Patel S, Taylor C W
Department of Pharmacology, University of Cambridge, U.K.
Biochem J. 1995 Dec 15;312 ( Pt 3)(Pt 3):789-94. doi: 10.1042/bj3120789.
Submaximal concentrations of inositol 1,4,5-trisphosphate (InsP3) rapidly release only a fraction of the InsP3-sensitive intracellular Ca2+ stores, despite the ability of further increases in InsP3 concentration to evoke further Ca2+ release. The mechanisms underlying such quantal Ca2+ mobilization are not understood, but have been proposed to involve regulatory effects of cytosolic Ca2+ on InsP3 receptors. By examining complete concentration-effect relationships for InsP3-stimulated 45Ca2+ efflux from the intracellular stores of permeabilized hepatocytes, we demonstrate that, at 37 degrees C, responses to InsP3 are quantal in Ca(2+)-free media heavily buffered with either EGTA or BAPTA [1,2-bis-(2-aminophenoxy)ethane-N,N,N',N'-tetra-acetic acid]. Lower concentrations of InsP3 were used to examine the kinetics of Ca2+ mobilization at 2 degrees C, because at the lower temperature the stores were more sensitive to InsP3: the concentration of InsP3 causing half-maximal Ca2+ release (EC50) after a 30 s incubation decreased from 281 +/- 37 nM at 37 degrees C to 68 +/- 3 nM at 2 degrees C. At 2 degrees C, the EC50 for InsP3-stimulated Ca2+ mobilization decreased as the duration of exposure to InsP3 was increased: the EC50 was 68 +/- 3 nM after 30 s, and 29 +/- 2 nM after 420 s. InsP3-stimulated Ca2+ mobilization is therefore non-quantal at 2 degrees C: InsP3 concentration determines the rate, but not the extent, of Ca2+ release. By initiating quantal responses to InsP3 at 37 degrees C and then simultaneously diluting and chilling cells to 2 degrees C, we demonstrated that the changes that underlie quantal responses do not rapidly reverse at 2 degrees C. At both 37 degrees C and 2 degrees C, modest increases in cytosolic Ca2+ increased the sensitivity of the stores to InsP3, whereas further increases were inhibitory; both Ca2+ effects persisted after prior removal of ATP. We conclude that the effects of Ca2+ on InsP3 receptors are unlikely either to be enzyme-mediated or to underlie the quantal pattern of Ca2+ release evoked by InsP3.

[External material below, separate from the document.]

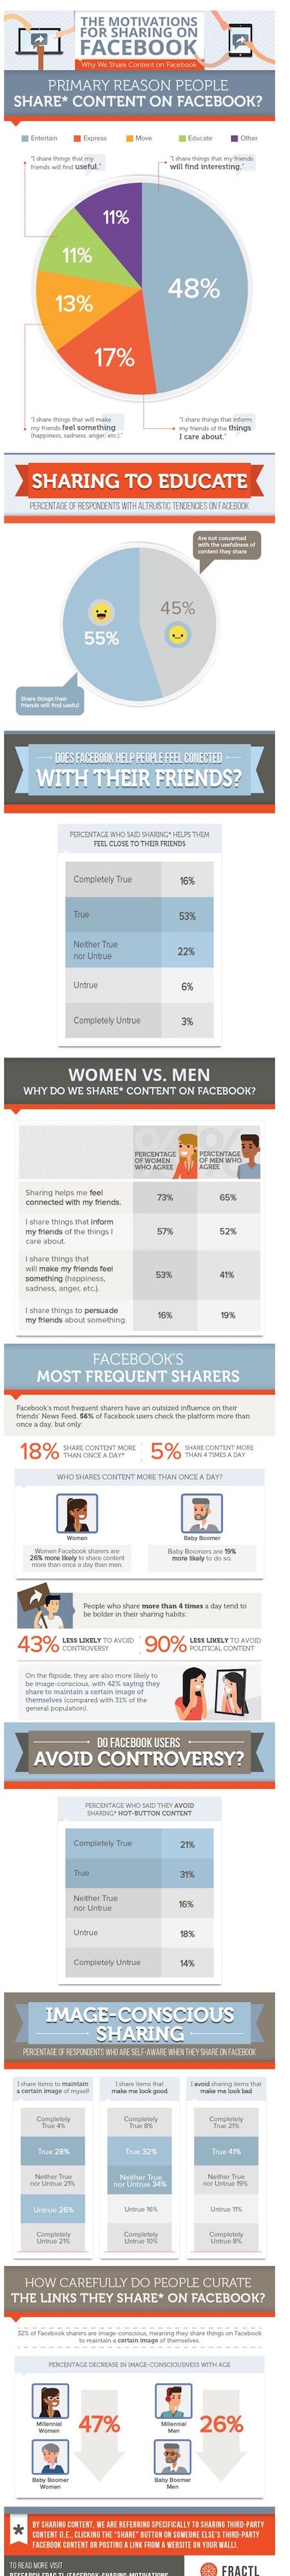 Infographie-sur-les-partages-Facebook (1)

次最大浓度的肌醇1,4,5 - 三磷酸(InsP3)仅能迅速释放一小部分对InsP3敏感的细胞内钙库中的钙,尽管InsP3浓度进一步升高能够引发更多的钙释放。这种量子化钙动员的潜在机制尚不清楚,但有人提出这涉及胞质钙对InsP3受体的调节作用。通过研究InsP3刺激通透化肝细胞内钙库中45Ca2+流出的完整浓度 - 效应关系,我们证明,在37℃时,在无钙培养基中用EGTA或1,2 - 双(2 - 氨基苯氧基)乙烷 - N,N,N',N' - 四乙酸(BAPTA)进行重缓冲时,对InsP3的反应是量子化的。使用较低浓度的InsP3来研究2℃时钙动员的动力学,因为在较低温度下钙库对InsP3更敏感:孵育30秒后引起半数最大钙释放(EC50)的InsP3浓度从37℃时的281±37 nM降至2℃时的68±3 nM。在2℃时,InsP3刺激的钙动员的EC50随着暴露于InsP3的持续时间增加而降低:30秒后EC50为68±3 nM,420秒后为29±2 nM。因此,InsP3刺激的钙动员在2℃时是非量子化的:InsP3浓度决定钙释放速率,但不决定释放程度。通过在37℃时引发对InsP3的量子反应,然后同时将细胞稀释并冷却至2℃,我们证明量子反应背后的变化在2℃时不会迅速逆转。在37℃和2℃时,胞质钙适度增加会增加钙库对InsP3的敏感性,而进一步增加则具有抑制作用;在预先去除ATP后,两种钙效应仍然存在。我们得出结论,钙对InsP3受体的作用不太可能是酶介导的,也不太可能是InsP3引发的钙释放量子模式的基础。